Esclarecemos ainda que o Hospital Alberto Cavalcanti não é referenciado para atendimento aos casos de covid-19 e não possui porta aberta, somente atendimentos eletivos. Também esclarecemos que, após apuração na unidade, constatamos que a servidora não possuía histórico de cardiopatia ou hipertensão, o que foi verificado nos exames periódicos anuais realizados.

Os exames para covid-19  são realizados apenas em servidores sintomáticos, na unidade de referência - Hospital Eduardo de Menezes. Se constatada a suspeita, o servidor é imediatamente afastado para a quarentena, antes mesmo do resultado do exame. Não são realizados exames para pessoas assintomáticas e não existe exame preventivo para covid-19. A Fhemig cumpre o que está previsto nos protocolos clínicos e nas orientações técnicas do Ministério da Saúde e da Secretaria de Estado de Saúde de Minas Gerais.

Todas as unidades da Rede Fhemig estão abastecidas com equipamentos de proteção individual e seguem as orientações das suas diretorias, amparadas pelo contingenciamento necessário estabelecido nos protocolos clínicos e nas portarias das instâncias estaduais e federais sobre a epidemia do COVID-19.

Os EPI’s estão sendo fornecidos, especialmente as máscaras, de forma responsável aos profissionais cujo seu uso no atendimento é indispensável. Sabemos que esses itens se encontram em falta no mercado e é necessário que haja um contingenciamento para evitar extravios e o uso indiscriminado, o que acarretará, realmente, em riscos para servidores e pacientes.

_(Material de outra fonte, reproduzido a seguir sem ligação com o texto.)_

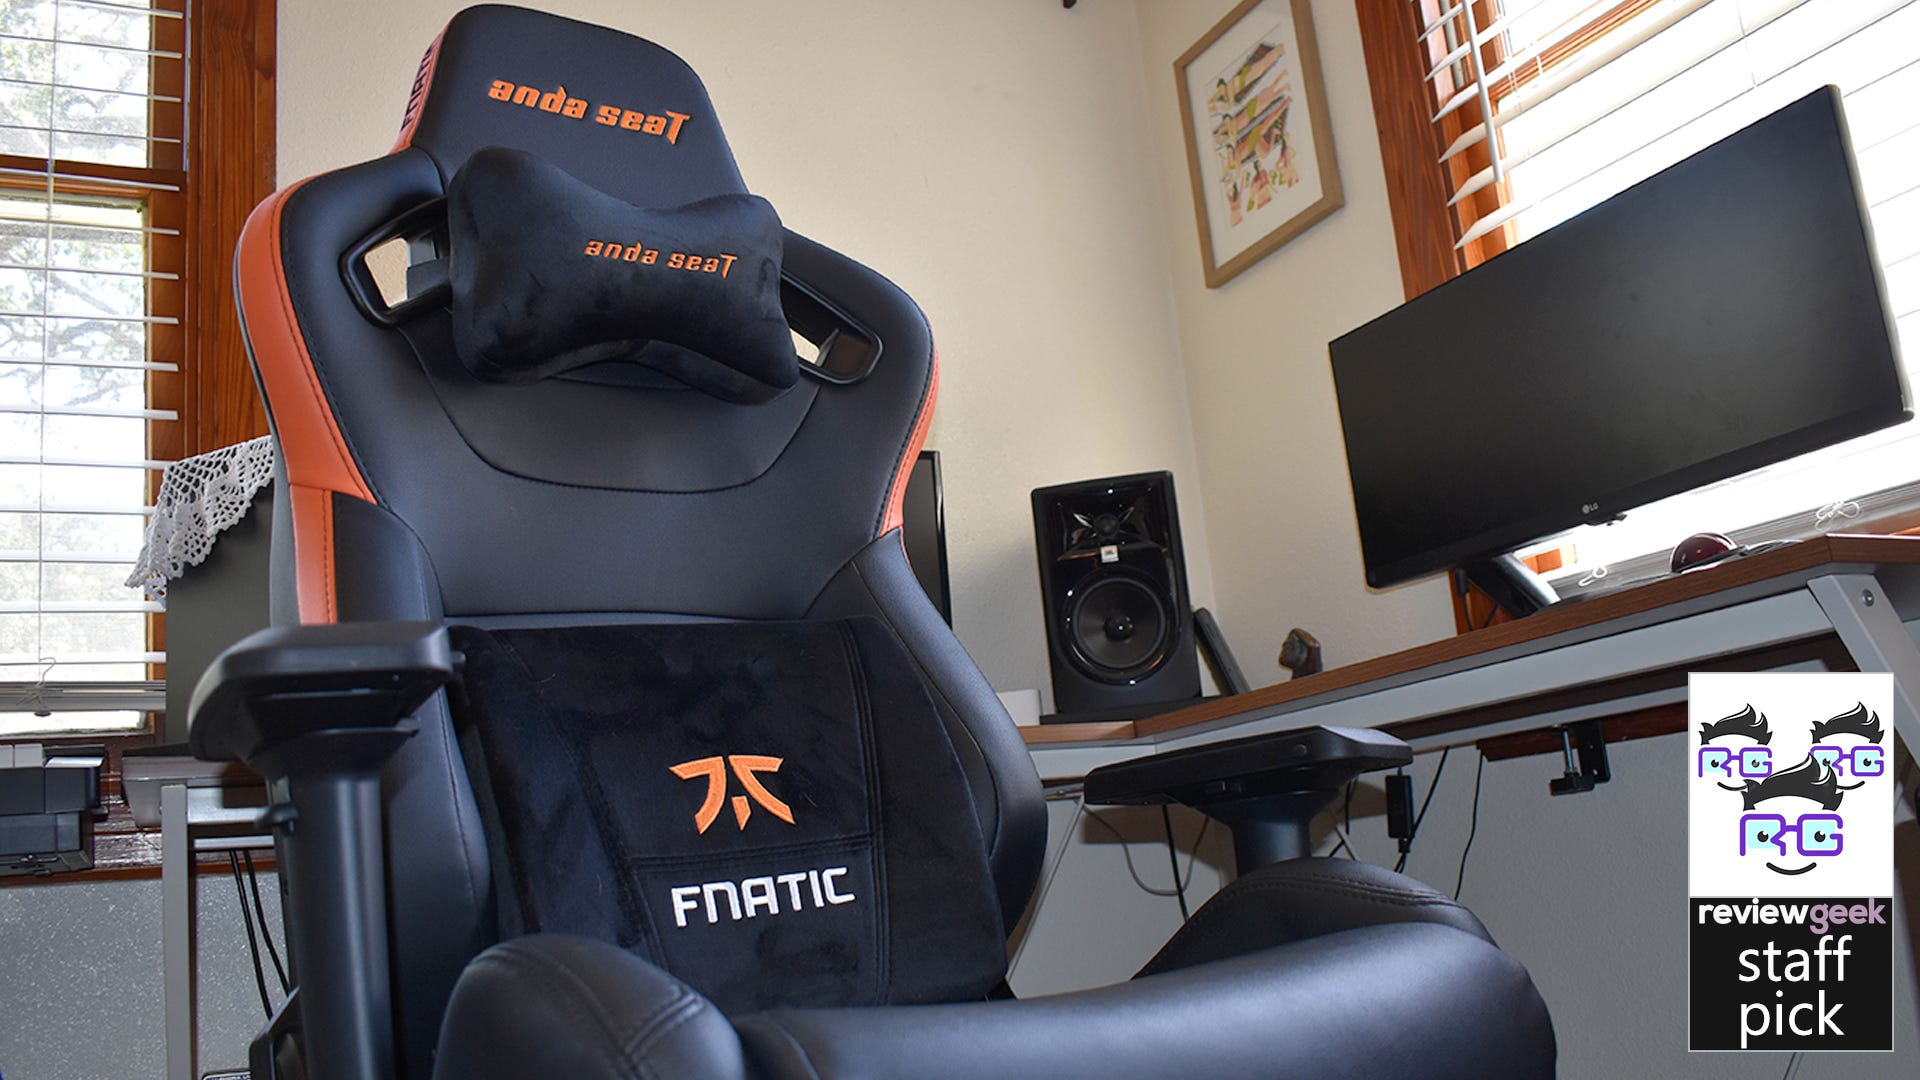 Đánh giá Anda Seat Fnatic Edition: Một chiếc ghế chơi game rất lớn, rất thoải mái
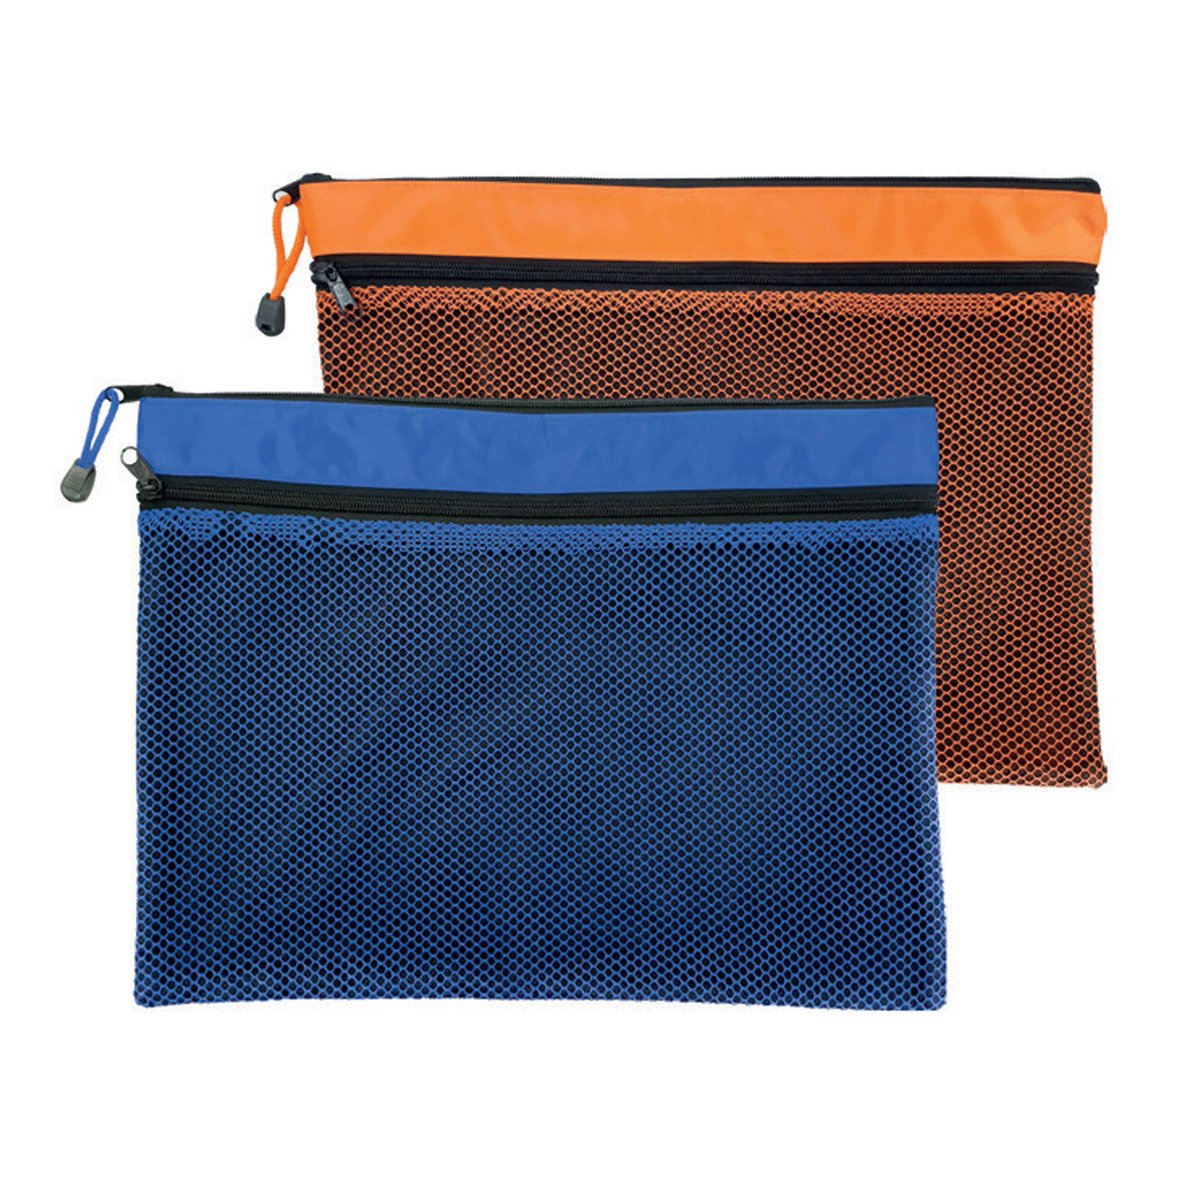 Maxi Double Zipper Bag 37x28.5cm 2's MXDZBNB4 Assorted Colors

No HAC estão sendo fornecidos não somente os EPI's necessários e adequados para prevenção à covid-19, como também foram doadas máscaras de acrílico/ acetato que são usadas por cima da máscara cirúrgica.

Os números de afastamentos e casos suspeitos/confirmados de covid-19 estão sendo atualizados até amanhã [24 de abril]. No último levantamento, no dia 16, havia 6 casos no Hospital Alberto Cavalcanti, sendo um deles a Maria Aparecida e, os outros cinco, eram servidores que também trabalhavam no Hospital Risoleta Neves e, portanto se encaixavam nos exames falsos positivos detectados pelas autoridades sanitárias - e que serão revistos."